- Directed by: Georg Wilhelm Pabst
- Written by: Adolf Lantz; Ladislaus Vajda; Helen Gosewisch; Franz Schulz (story);
- Produced by: Fred Lyssa
- Starring: Gustav Diessl; Brigitte Helm; Hertha von Walther;
- Cinematography: Theodor Sparkuhl
- Edited by: Georg Wilhelm Pabst; Mark Sorkin;
- Music by: Elena Kats-Chernin; (1999 restored version);
- Production company: Erda-Film GmbH
- Distributed by: Deutsche Universal-Film
- Release date: 10 August 1928 (Germany);
- Running time: 98 minutes
- Country: Germany
- Languages: Silent film; German intertitles;

= The Devious Path =

1928 film by Georh Wilhelm Pabst

The Devious Path (Abwege), also titled Crisis, is a 1928 German silent drama film directed by Georg Wilhelm Pabst starring Gustav Diessl and Brigitte Helm.

==Plot==
Irene is frustrated by the inattentiveness of her lawyer husband Thomas, who refuses to go out with her and makes no secret of his aversion against her friend Liane.
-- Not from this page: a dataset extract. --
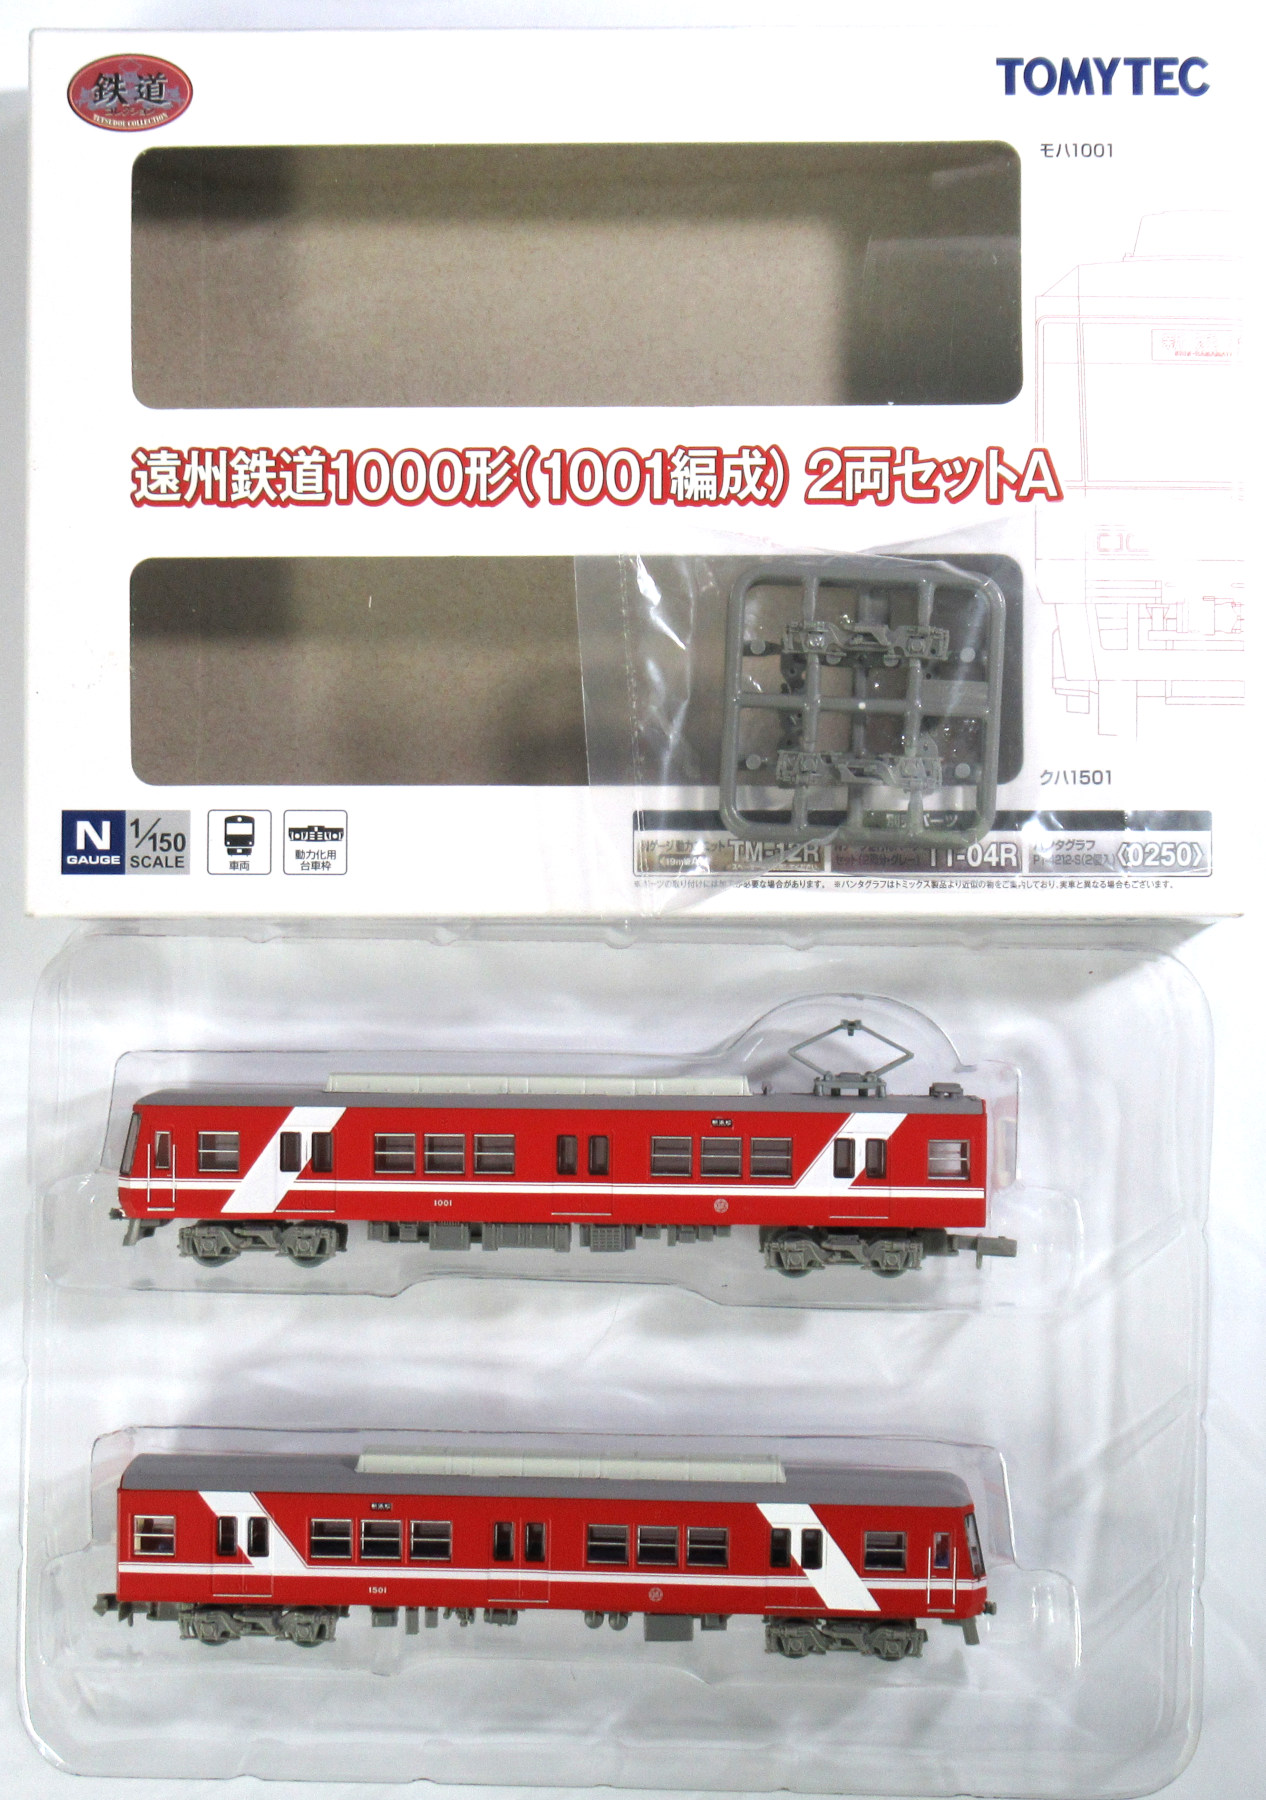 公式]鉄道模型((1410-1411) 鉄道コレクション 遠州鉄道 1000形 (1001

Attracted by artist Walter Frank, Irene visits him in his studio and agrees to his proposal to elope to Austria together, but Thomas puts an end to their plan. Later, she accompanies Thomas's colleague Möller to a nightclub, where she meets Liane and her friends and makes the acquaintance of boxer Sam. When Irene returns home, the couple seems to come closer to each other again, but when Thomas discovers a mascot which she took with her from the nightclub, he withdraws from her.

The next day, Liane and her friends pay Irene a visit, who is still lying in bed. Enervated by her guests, she becomes even more infuriated when Thomas makes no move to send them away. She visits Sam's workout place and talks him into visiting Frank's studio together. After fighting off Sam's advances, Liane causes a scene by making Thomas, who was told of her whereabouts by Liane, believe that she was about to sleep with Frank.

Some time later, Irene and Thomas appear at court for their divorce, but no sooner that their marriage has been dissolved, they rediscover their feelings for each other and decide to get married again.

==Cast==
- Gustav Diessl as Dr. Thomas Beck
- Brigitte Helm as Irene Beck
- Hertha von Walther as Liane
- Jack Trevor as Walter Frank
- Fritz Odemar as Councillor Möller
- Nico Turoff as Sam Taylor
- Ilse Bachmann as Anita Haldern
- Richard Sora as André
- Peter Leschka as Robert
- Irm Cherry as Daisy
- Irma Green as Gina
- Tita Christescu as maid
- Jimmy Lygelt as second boxer

==Production==
The Devious Path was produced by Berlin-based company Erda Film for Universal Pictures. The film's sets were designed by the art directors Otto Erdmann and Hans Sohnle.

==Release and legacy==
The Devious Path premiered in Hamburg on 10 August 1928 and in Berlin on 5 September 1928.

In 1998, a restored version of the film was compiled from an incomplete German film negative and an incomplete print with French intertitles. This version premiered on Arte TV on 10 June 1999.

==Reception==
In his 1947 study From Caligari to Hitler, film historian Siegfried Kracauer rated The Devious Path as "negligible if it were not for the nightclub scenes in which Pabst manages to evoke the impression that his characters are as they are because of the emptiness of the world they inhabit". Commenting on the film's restoration, the Filmdienst called Pabst's film a chamber play which "clear-sightedly reflects its characters' hollow rituals" and has remained "remarkably timeless" in its handling of subject and form.